Faster Parallel Exact Density Peaks Clustering

Clustering multidimensional points is a fundamental data mining task, with applications in many fields, such as astronomy, neuroscience, bioinformatics, and computer vision. The goal of clustering algorithms is to group similar objects together. Density-based clustering is a clustering approach that defines clusters as dense regions of points. It has the advantage of being able to detect clusters of arbitrary shapes, rendering it useful in many applications. In this paper, we propose fast parallel algorithms for Density Peaks Clustering (DPC), a popular version of density-based clustering. Existing exact DPC algorithms suffer from low parallelism both in theory and in practice, which limits their application to large-scale data sets. Our most performant algorithm, which is based on priority search kd-trees, achieves $O(\log n\log\log n)$ span (parallel time complexity) for a data set of $n$ points. Our algorithm is also work-efficient, achieving a work complexity matching the best existing sequential exact DPC algorithm. In addition, we present another DPC algorithm based on a Fenwick tree that makes fewer assumptions for its average-case complexity to hold. We provide optimized implementations of our algorithms and evaluate their performance via extensive experiments. On a 30-core machine with two-way hyperthreading, we find that our best algorithm achieves a 10.8--13169x speedup over the previous best parallel exact DPC algorithm. Compared to the state-of-the-art parallel approximate DPC algorithm, our best algorithm achieves a 1.5--4206x speedup, while being exact.

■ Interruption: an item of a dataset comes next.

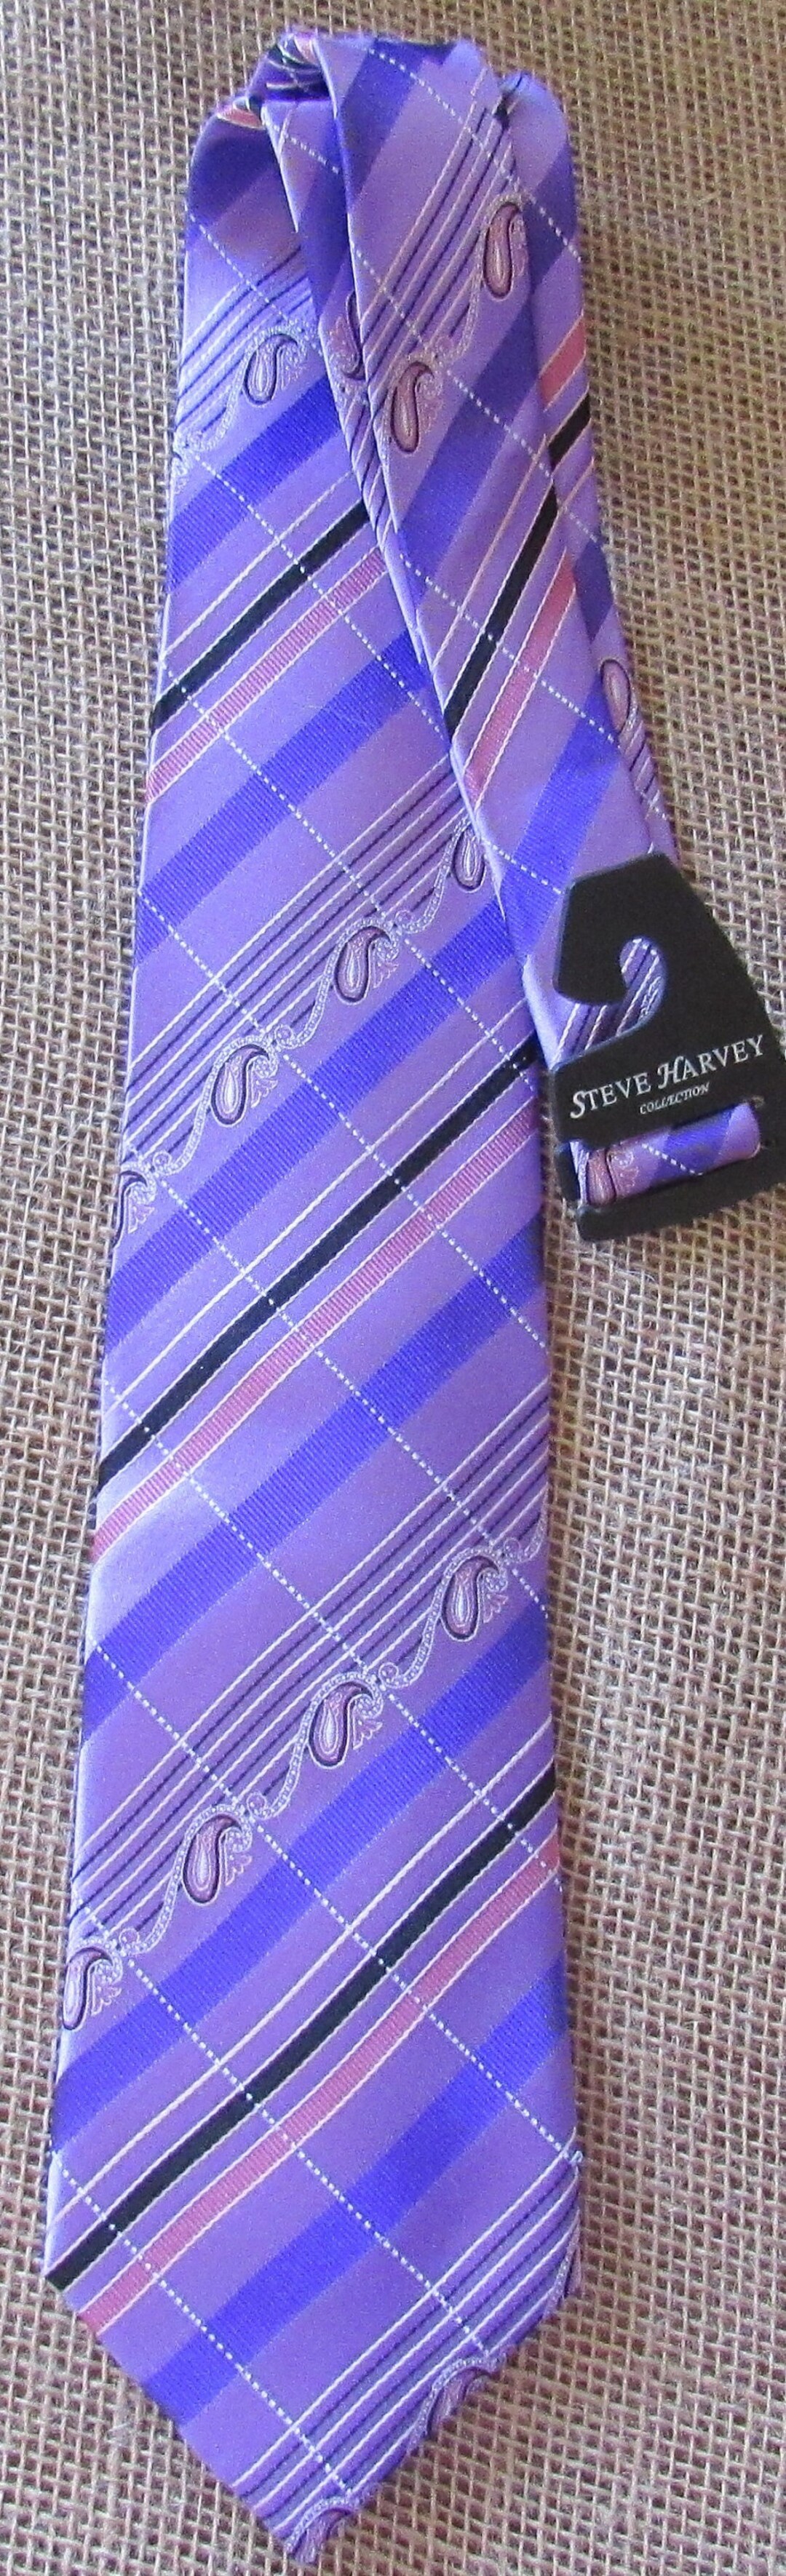 Steve Harvey Long Necktie Free Shipping Silk Purple - Etsy

翻译：多维点聚类是一项基础的数据挖掘任务，在天文学、神经科学、生物信息学和计算机视觉等多个领域具有广泛应用。聚类算法的目标是将相似的对象分组。基于密度的聚类是一种将簇定义为高密度点区域的聚类方法，其优势在于能够检测任意形状的簇，从而在许多应用中具有实用性。本文针对密度峰值聚类（DPC）这种流行的基于密度的聚类变体，提出了一种快速并行算法。现有的精确DPC算法在理论上和实践中均存在并行度低的问题，这限制了其在大规模数据集上的应用。我们性能最优的算法基于优先搜索kd树，对于包含n个点的数据集，实现了O(log n log log n)的跨度（并行时间复杂度）。该算法也具有工作高效性，其工作复杂度与现有最佳串行精确DPC算法相匹配。此外，我们还提出了另一种基于Fenwick树的DPC算法，该算法在平均情况复杂度成立时所需假设更少。我们提供了所提算法的优化实现，并通过大量实验评估了其性能。在一台支持双向超线程的30核机器上，我们发现最优算法相比先前最佳的并行精确DPC算法实现了10.8至13169倍的加速。与最先进的并行近似DPC算法相比，我们的最优算法在保持精确性的同时，实现了1.5至4206倍的加速。